So why arn't C2D's suffering electromigration deaths?

Given most online enthusiests are overvolting and pushing these to within mere MHz of orthos/folding failure for 24/7 operation, which well exceeds Intels thermal specs on anything less than the absolute best of air cooling or a decent water setup, why are we not starting to see electromigration induced failure in the overclocking community?

I have memories of very knowlegable people debating (at forums such as Aces or RWT) that as process geometries continue to shrink overclocking would die out due to diminishing returns and the ever increasing fragility of the metal interconnects.

Were they wrong?
 
The systems are still within the Intel thermal specifications. If they weren't within the thermal specs, the cpus would throttle down to manage the heat output. They even run cooler than most base retail systems since everyone is running top-end AIR or Water cooling.

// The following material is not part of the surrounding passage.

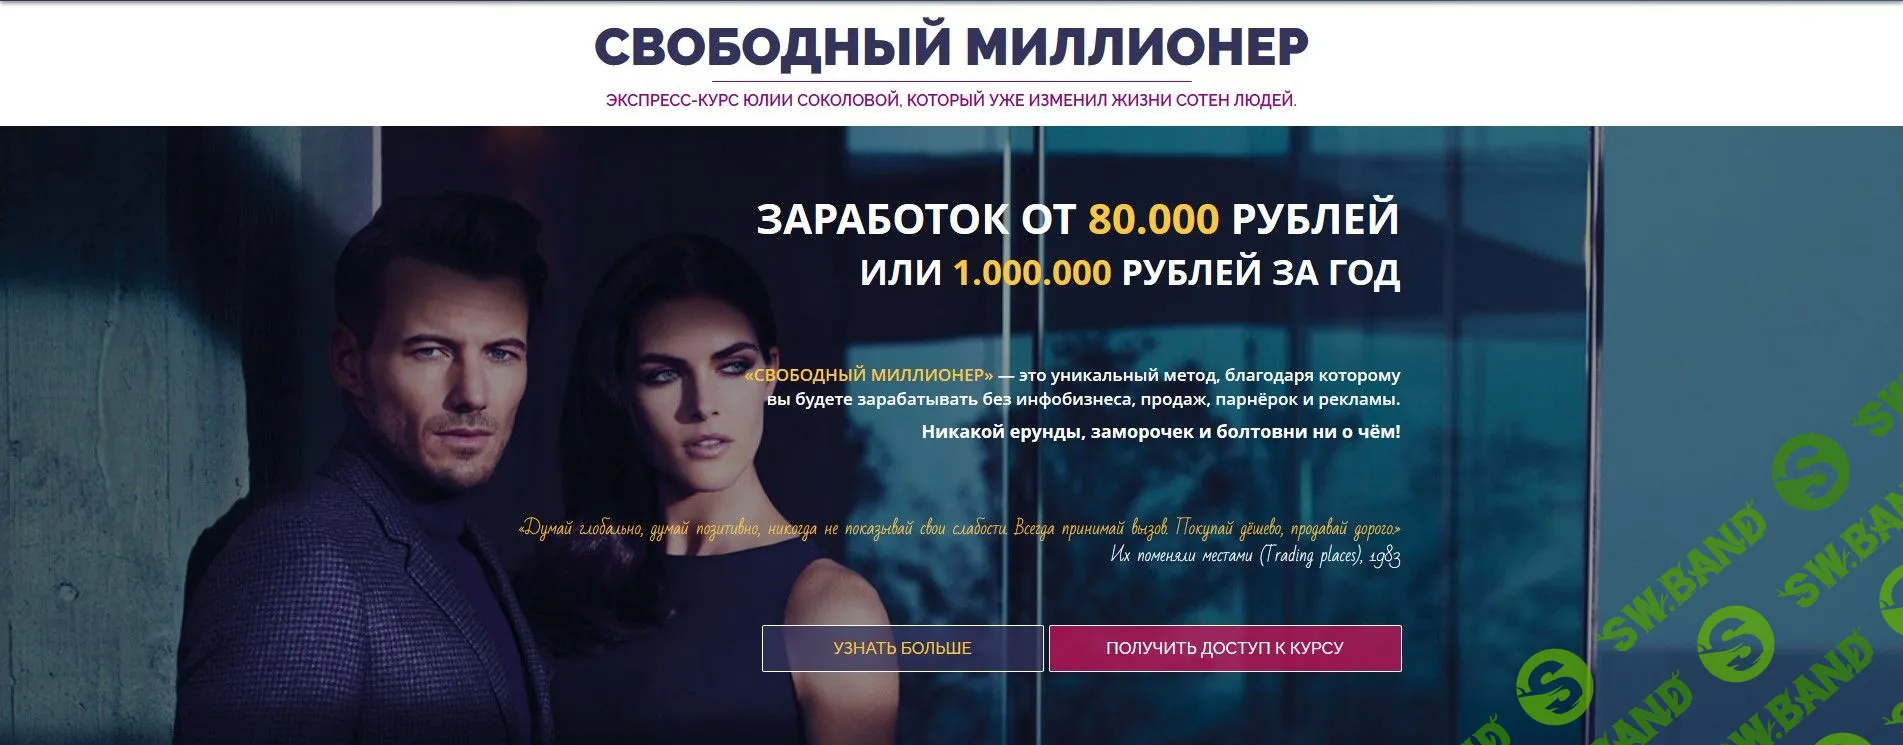 [Юлия Соколова] Свободный миллионер - Заработок от 80.000 рублей или 1.000.000 рублей за год

As for electromigration, it's effect might cut the CPU lifetime in half, even with that, cutting down from 10 years still leaves 5 years left.
 
CPUs today are only meant to have 10 years of useful life?

Sounds very fishy. I thought solid-state devices would have much more endurance than that!
Pewace.
 
heating and power consumption is still a huge factor in electronics lifetime, and things get a lot more sensitive at the sub-100nm scale. ;)
 
I think there have been some deaths, or at least some losses of overclockability. People pushing 1.60v thru them.

Go browse around the Xtremesystems.org forum.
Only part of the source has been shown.